WHAT THE TASK REQUIRES: In the entries that follow, locate the line with "4-TV 21-21 HORARIOS CUARTO Y SEXTO SEMES", then restate that line and all later lines exactly as they appear, leaving pictures out.

═══ SOURCE DATA ═══

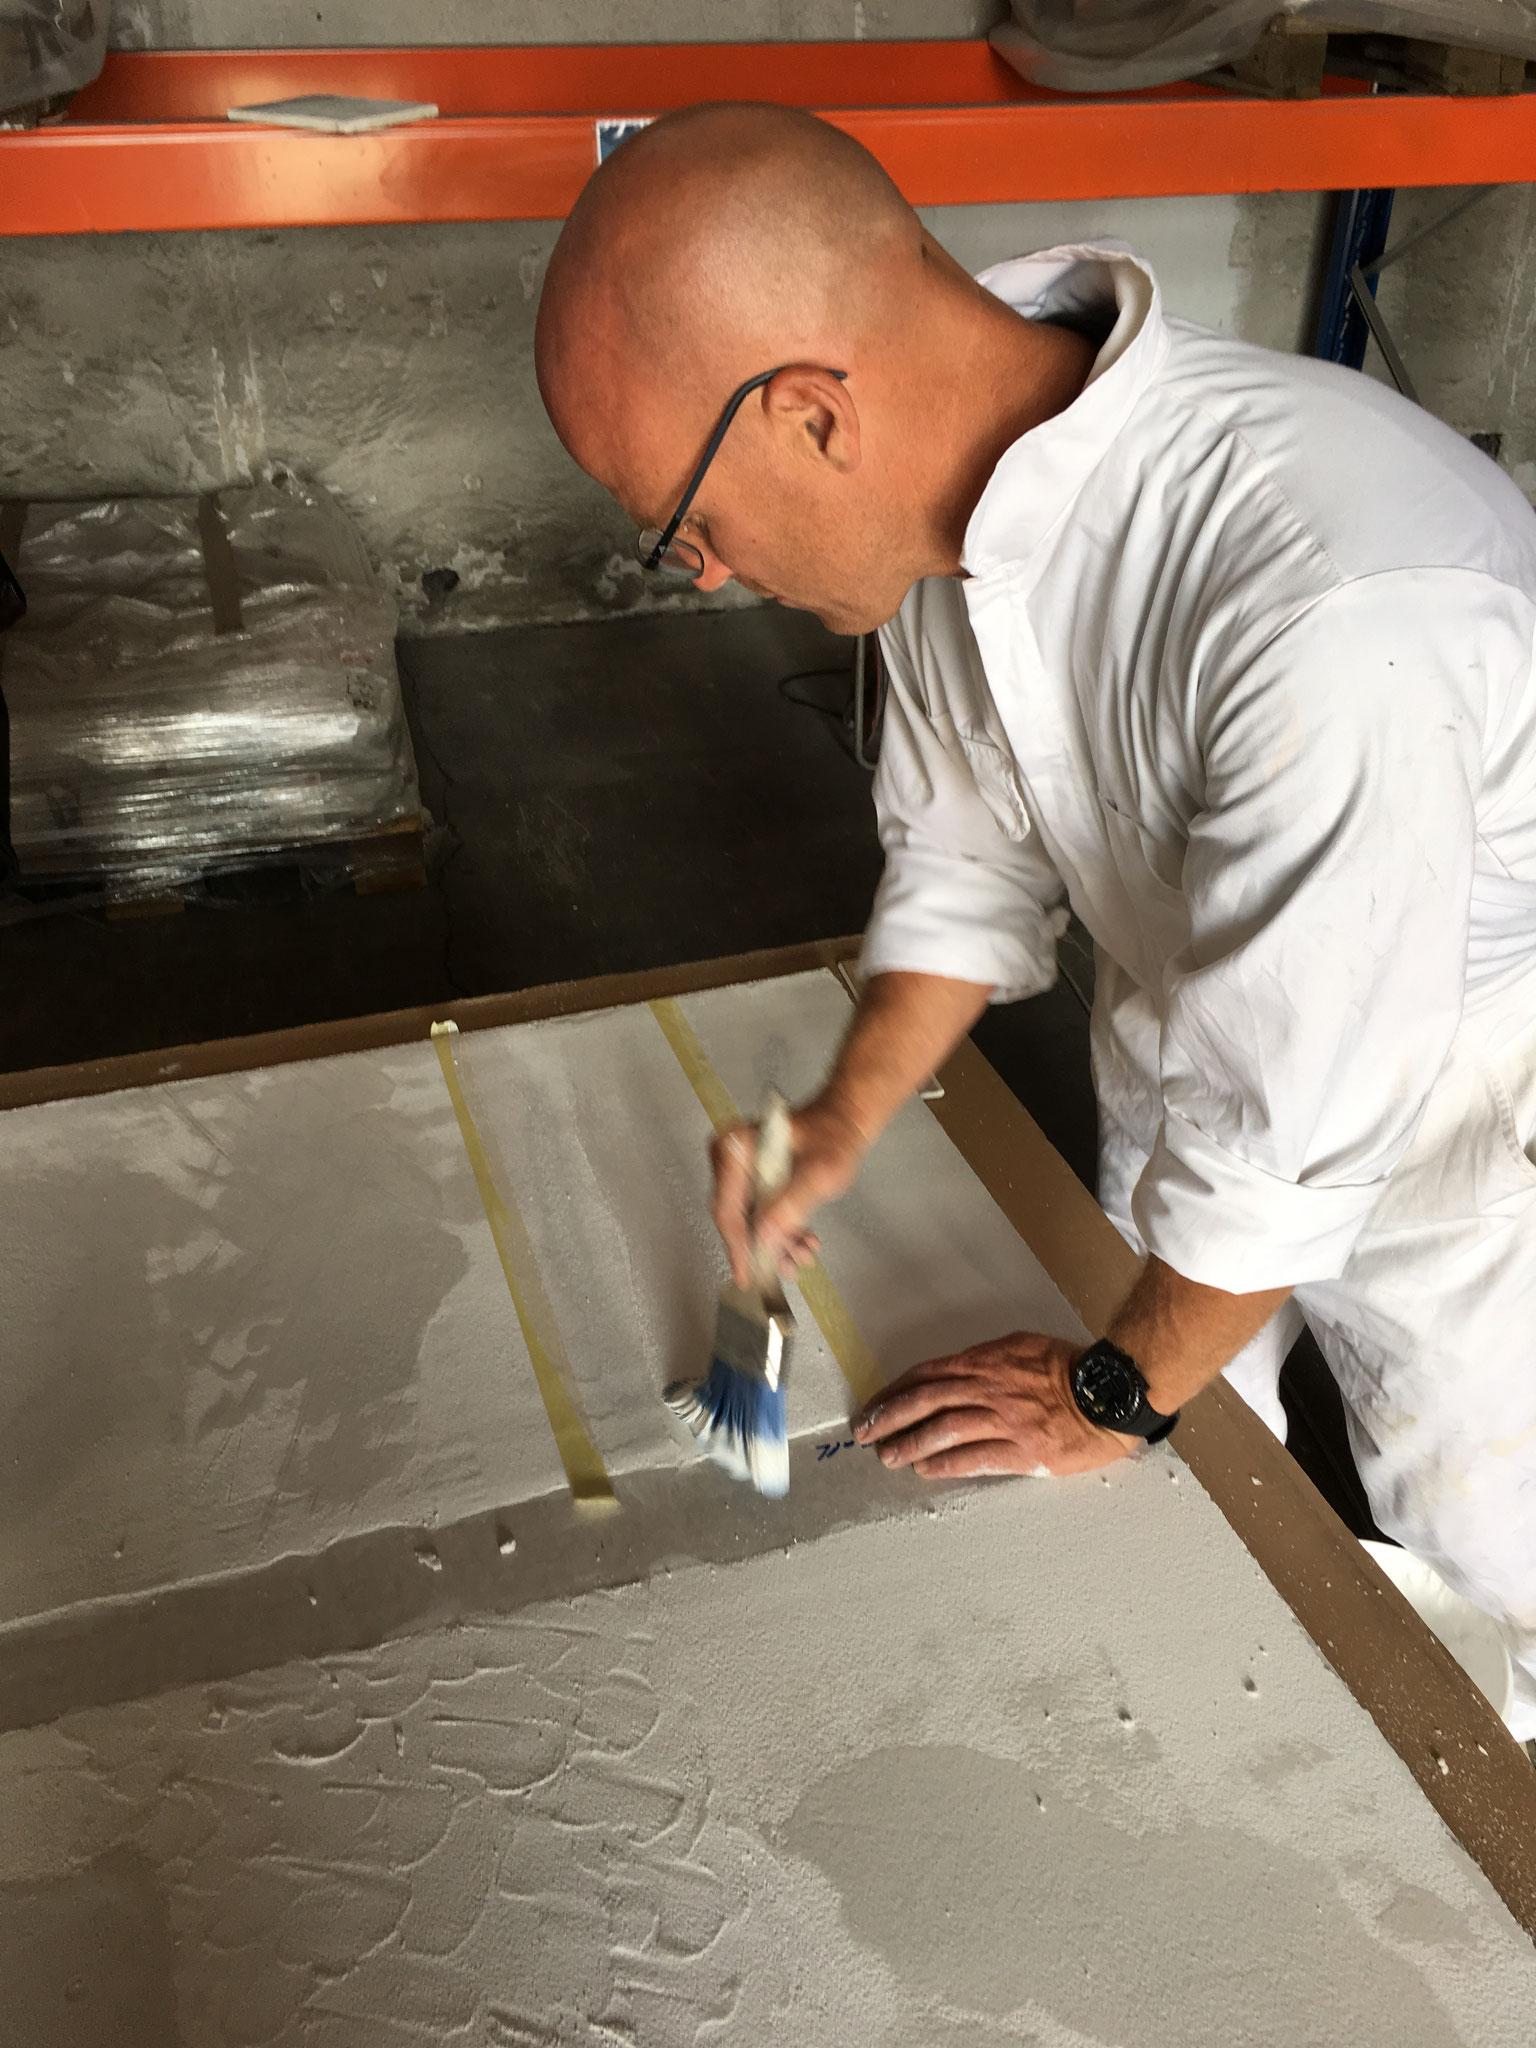 Malermeister Michael Gühl_Kundenschulung Anstrichtechnik
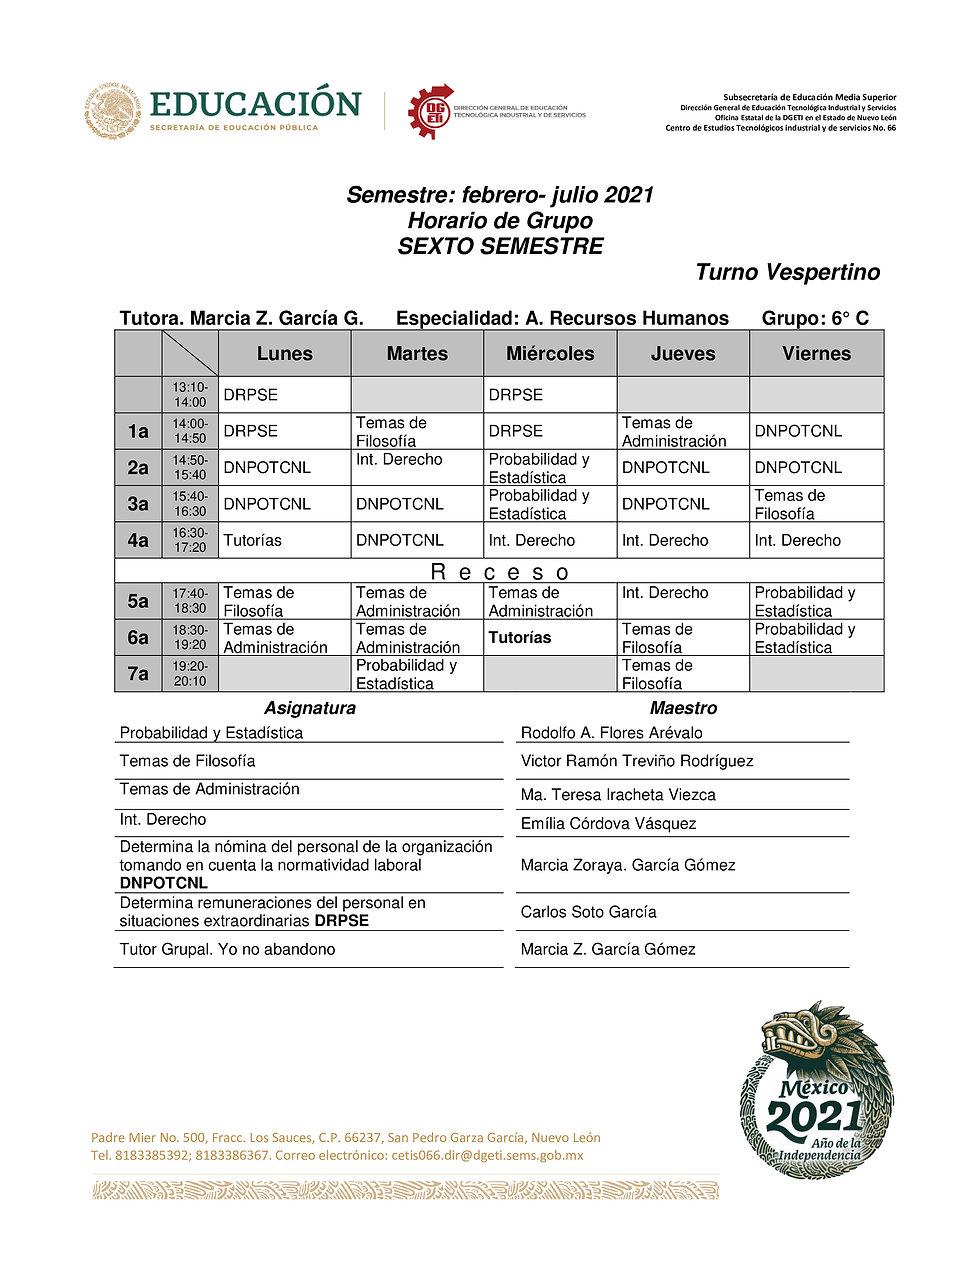 4-TV 21-21 HORARIOS CUARTO Y SEXTO SEMES
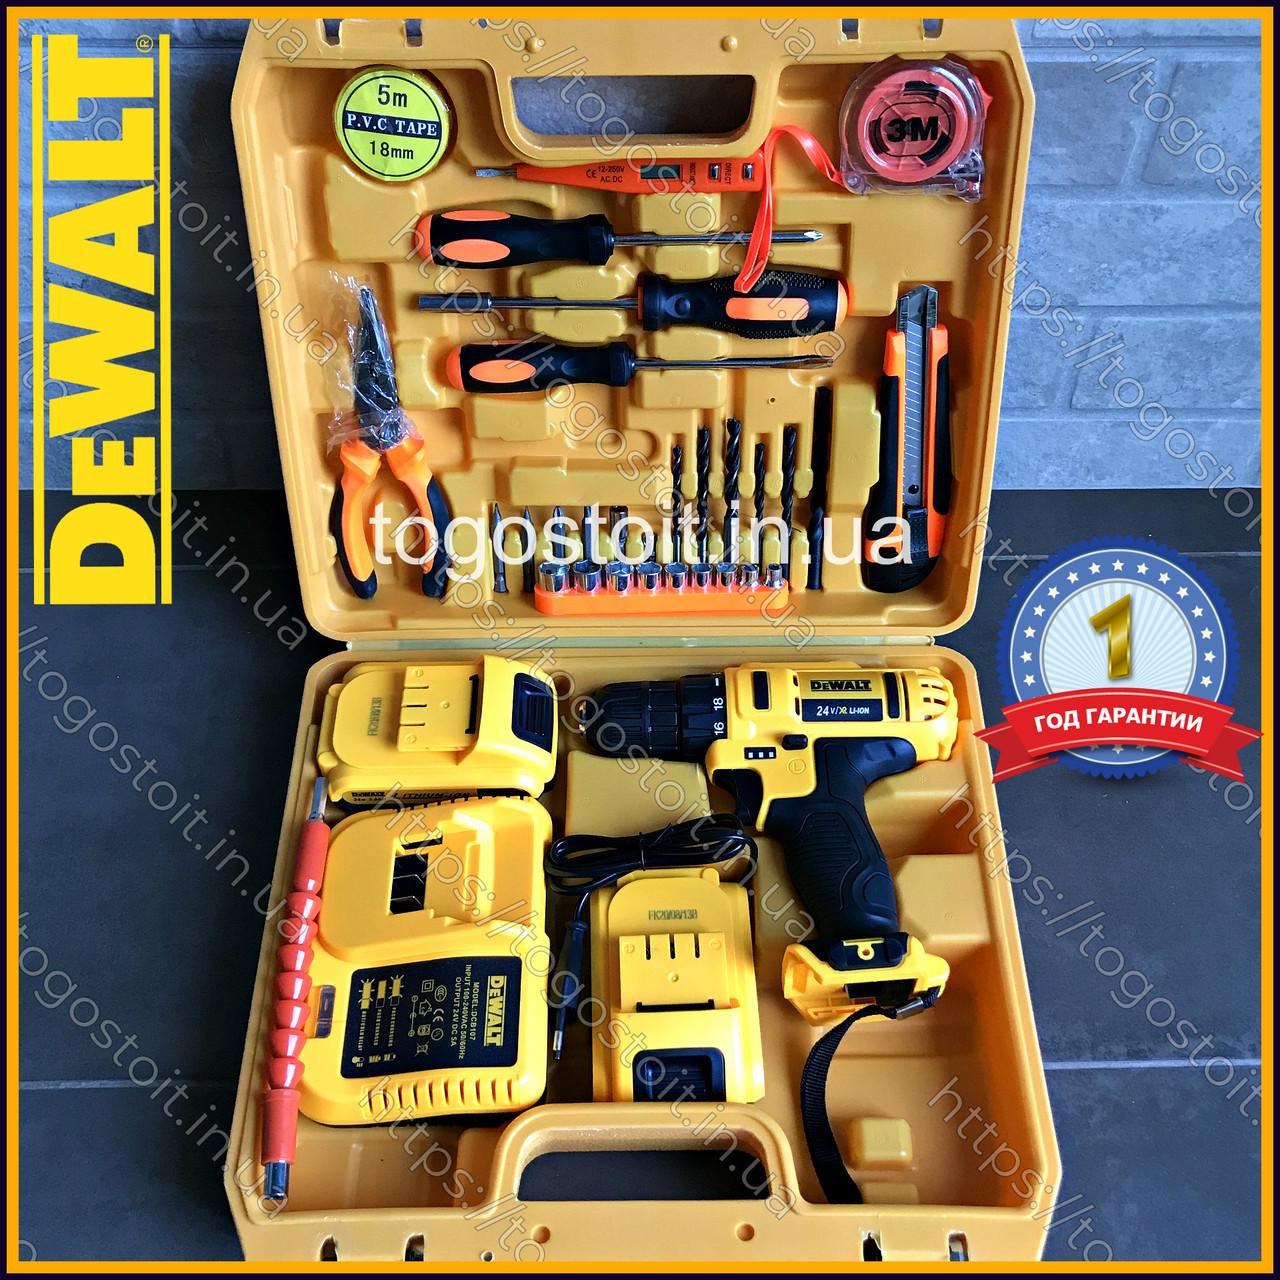 Шуруповерт DeWALT DCD791 (24V 5A/h Li-Ion) c набором інструментів. Акумуляторний шуруповерт Деволт
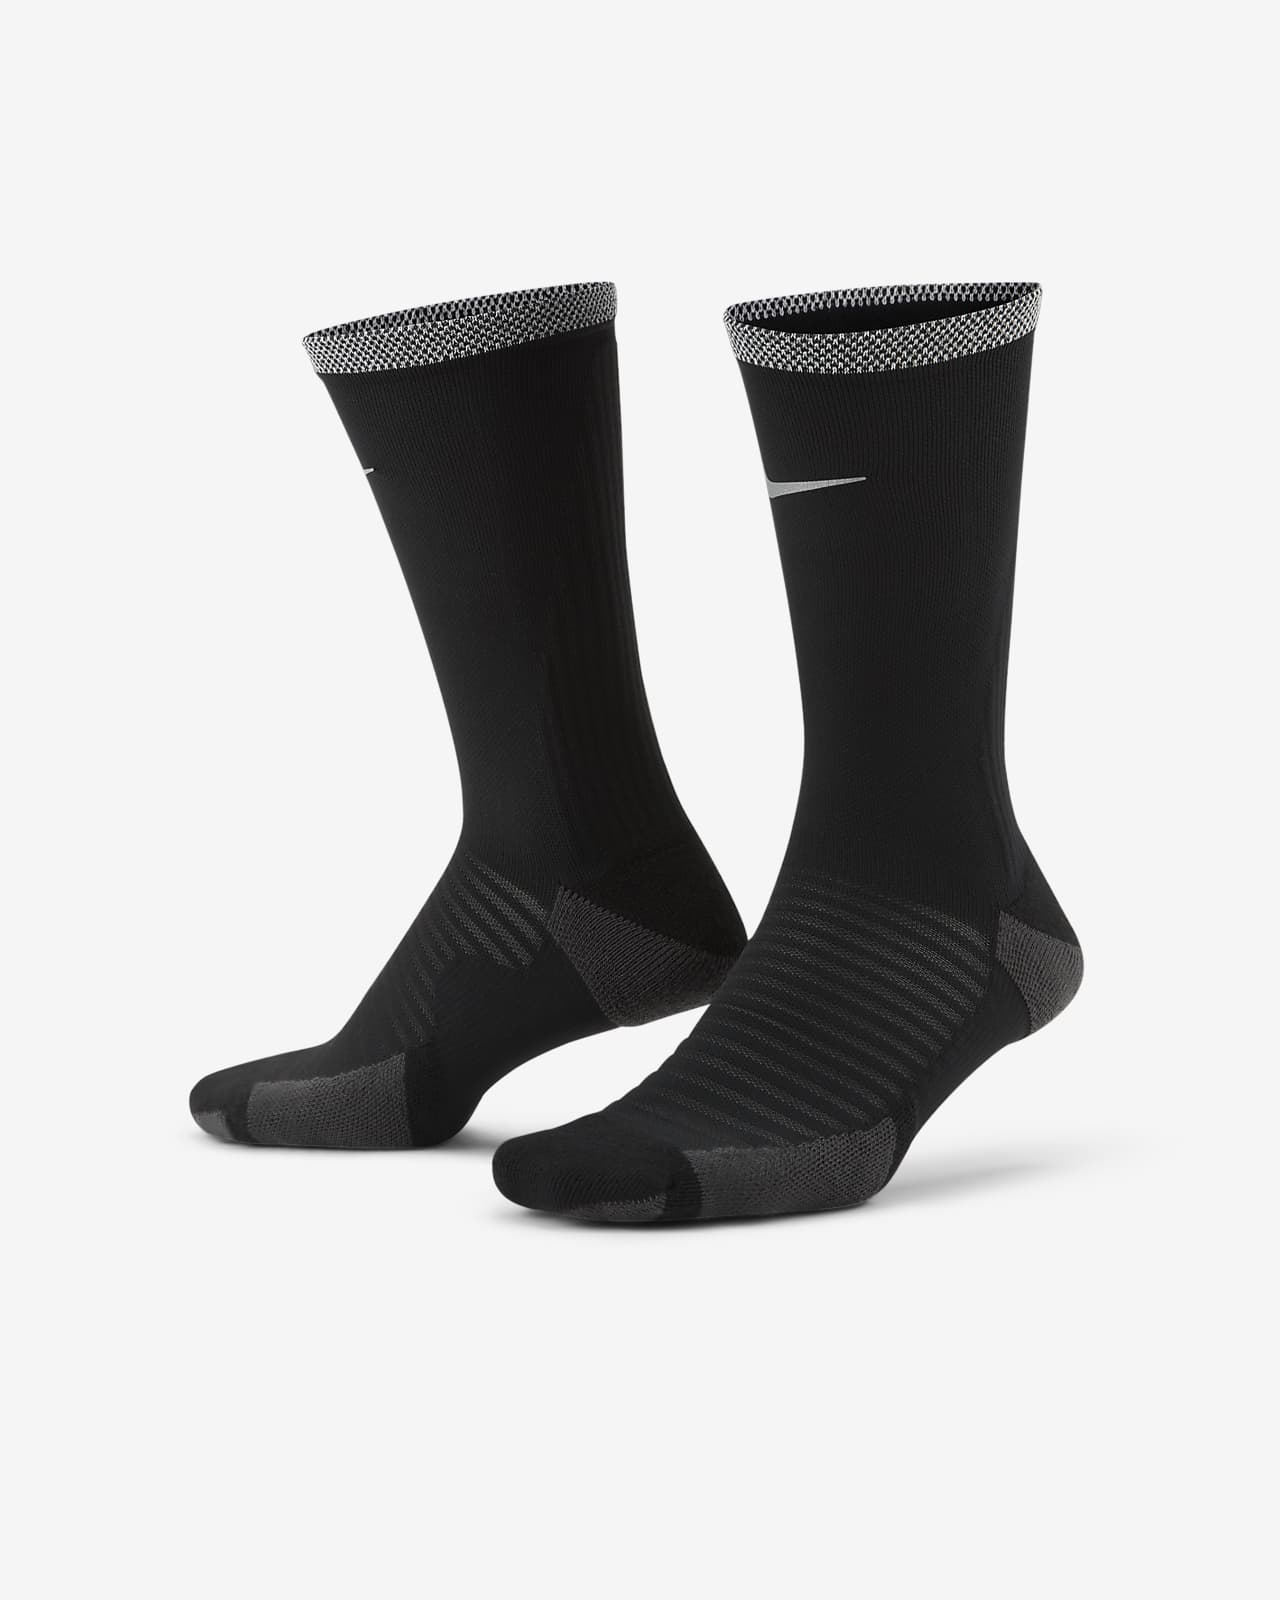 Носки до середины голени с амортизацией для бега Nike Spark
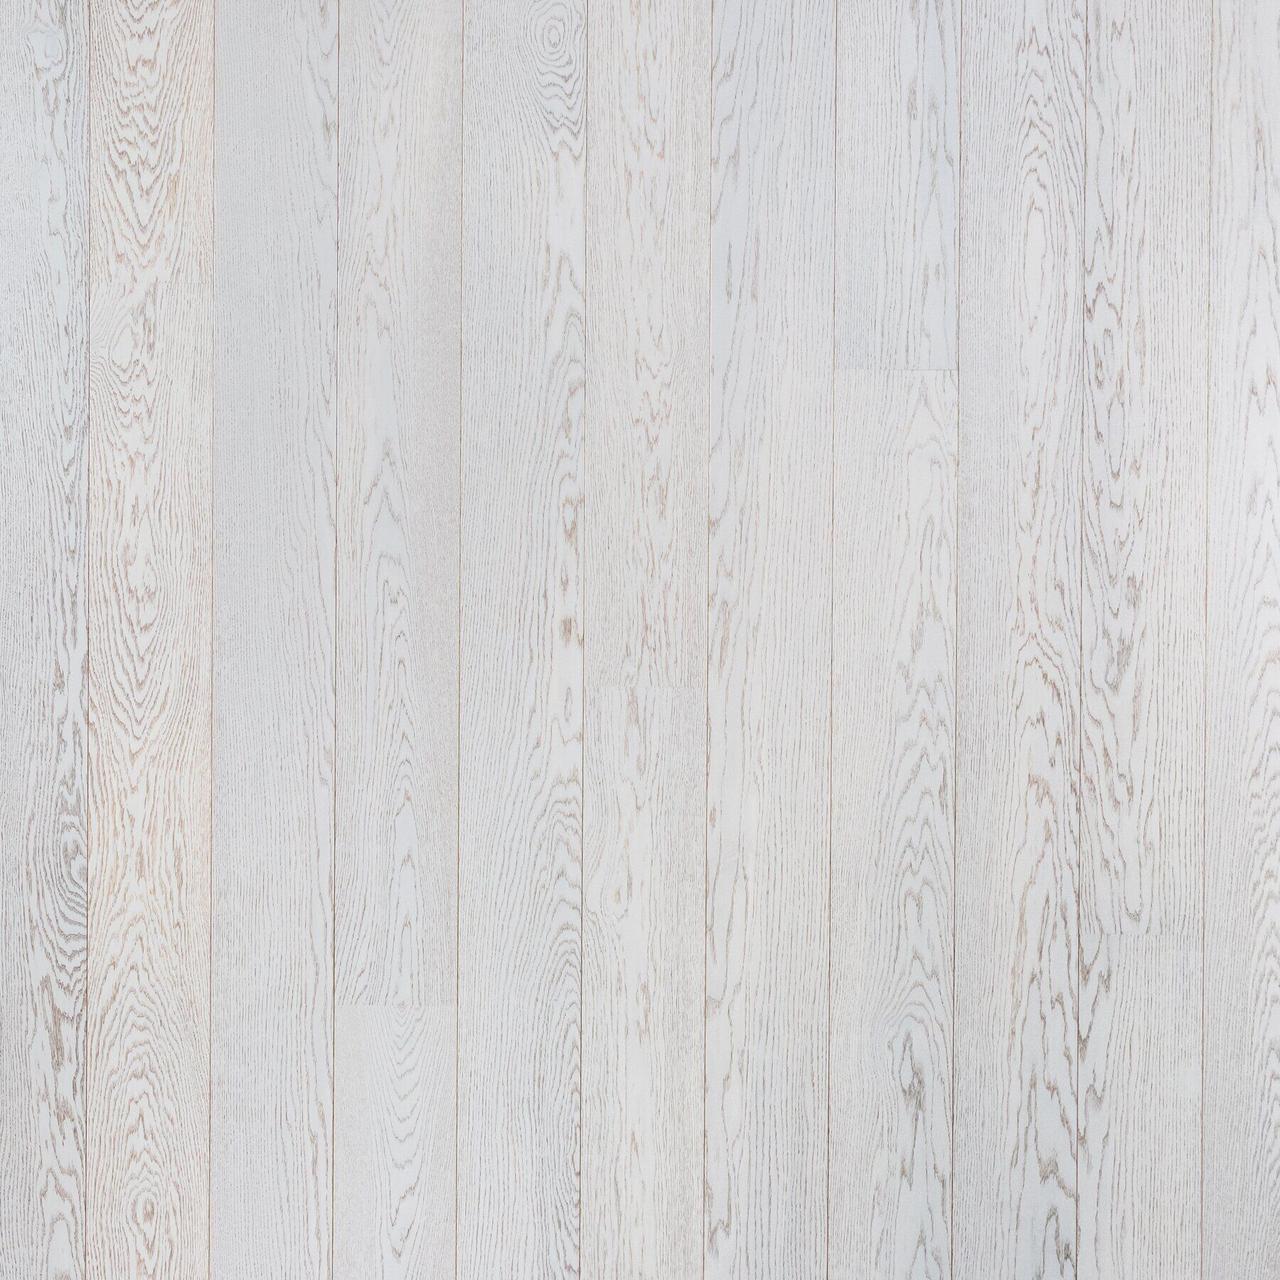 Паркет Upofloor Дуб GRAND NORDIC LIGHT , натуральный , морение, белый матовый лак

═══

WRITTEN RESPONSE:
 4-TV 21-21 HORARIOS CUARTO Y SEXTO SEMES
 Шуруповерт DeWALT DCD791 (24V 5A/h Li-Ion) c набором інструментів. Акумуляторний шуруповерт Деволт
 Носки до середины голени с амортизацией для бега Nike Spark
 Паркет Upofloor Дуб GRAND NORDIC LIGHT , натуральный , морение, белый матовый лак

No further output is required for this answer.